-- Your objective --
Scan the records beneath this line for the line holding "Dead Space 2" and the line holding "This Moschino Rat-a-Porter", then transcribe exactly those two and all lines between.

-- Task input --

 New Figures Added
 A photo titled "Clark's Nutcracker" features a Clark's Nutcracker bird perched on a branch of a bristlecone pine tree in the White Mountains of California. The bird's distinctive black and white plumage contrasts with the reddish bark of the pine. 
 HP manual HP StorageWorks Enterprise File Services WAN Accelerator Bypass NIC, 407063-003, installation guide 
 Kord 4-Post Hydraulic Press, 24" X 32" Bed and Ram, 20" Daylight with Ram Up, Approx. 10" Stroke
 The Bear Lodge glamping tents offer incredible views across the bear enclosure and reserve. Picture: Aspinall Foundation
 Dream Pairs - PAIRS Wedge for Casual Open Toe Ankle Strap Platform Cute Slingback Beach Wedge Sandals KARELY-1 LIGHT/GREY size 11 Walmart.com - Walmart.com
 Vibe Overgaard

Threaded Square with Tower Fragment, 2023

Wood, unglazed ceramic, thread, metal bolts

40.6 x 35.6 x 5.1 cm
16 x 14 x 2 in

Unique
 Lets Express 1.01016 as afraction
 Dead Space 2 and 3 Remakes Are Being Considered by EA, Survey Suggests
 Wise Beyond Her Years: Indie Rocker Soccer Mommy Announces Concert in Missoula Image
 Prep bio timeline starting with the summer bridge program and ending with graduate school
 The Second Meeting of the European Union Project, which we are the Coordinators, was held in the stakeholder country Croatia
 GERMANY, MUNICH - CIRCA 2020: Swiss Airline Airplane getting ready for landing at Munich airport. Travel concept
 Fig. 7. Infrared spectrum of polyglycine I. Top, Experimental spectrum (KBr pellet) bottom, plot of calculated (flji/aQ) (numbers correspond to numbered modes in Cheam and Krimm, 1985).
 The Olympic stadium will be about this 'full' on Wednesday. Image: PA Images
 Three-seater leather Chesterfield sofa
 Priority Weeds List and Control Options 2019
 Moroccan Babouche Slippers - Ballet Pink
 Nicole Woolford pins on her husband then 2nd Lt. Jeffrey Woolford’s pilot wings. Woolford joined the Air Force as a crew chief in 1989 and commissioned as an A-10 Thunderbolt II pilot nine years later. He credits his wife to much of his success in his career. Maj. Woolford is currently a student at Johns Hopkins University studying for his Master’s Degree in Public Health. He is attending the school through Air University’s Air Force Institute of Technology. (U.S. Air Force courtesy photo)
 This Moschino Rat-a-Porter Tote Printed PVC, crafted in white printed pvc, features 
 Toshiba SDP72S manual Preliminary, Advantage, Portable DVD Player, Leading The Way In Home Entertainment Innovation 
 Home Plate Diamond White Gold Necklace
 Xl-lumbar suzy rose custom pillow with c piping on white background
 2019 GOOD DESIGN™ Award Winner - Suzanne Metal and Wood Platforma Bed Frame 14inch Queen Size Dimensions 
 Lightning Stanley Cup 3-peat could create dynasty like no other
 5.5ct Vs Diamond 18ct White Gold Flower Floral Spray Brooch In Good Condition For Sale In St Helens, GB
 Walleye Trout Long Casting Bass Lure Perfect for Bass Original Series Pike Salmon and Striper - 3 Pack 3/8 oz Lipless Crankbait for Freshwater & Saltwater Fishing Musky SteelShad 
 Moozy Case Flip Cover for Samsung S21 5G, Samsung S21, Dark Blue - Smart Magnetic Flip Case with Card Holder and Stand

-- Response --
 Dead Space 2 and 3 Remakes Are Being Considered by EA, Survey Suggests
 Wise Beyond Her Years: Indie Rocker Soccer Mommy Announces Concert in Missoula Image
 Prep bio timeline starting with the summer bridge program and ending with graduate school
 The Second Meeting of the European Union Project, which we are the Coordinators, was held in the stakeholder country Croatia
 GERMANY, MUNICH - CIRCA 2020: Swiss Airline Airplane getting ready for landing at Munich airport. Travel concept
 Fig. 7. Infrared spectrum of polyglycine I. Top, Experimental spectrum (KBr pellet) bottom, plot of calculated (flji/aQ) (numbers correspond to numbered modes in Cheam and Krimm, 1985).
 The Olympic stadium will be about this 'full' on Wednesday. Image: PA Images
 Three-seater leather Chesterfield sofa
 Priority Weeds List and Control Options 2019
 Moroccan Babouche Slippers - Ballet Pink
 Nicole Woolford pins on her husband then 2nd Lt. Jeffrey Woolford’s pilot wings. Woolford joined the Air Force as a crew chief in 1989 and commissioned as an A-10 Thunderbolt II pilot nine years later. He credits his wife to much of his success in his career. Maj. Woolford is currently a student at Johns Hopkins University studying for his Master’s Degree in Public Health. He is attending the school through Air University’s Air Force Institute of Technology. (U.S. Air Force courtesy photo)
 This Moschino Rat-a-Porter Tote Printed PVC, crafted in white printed pvc, features 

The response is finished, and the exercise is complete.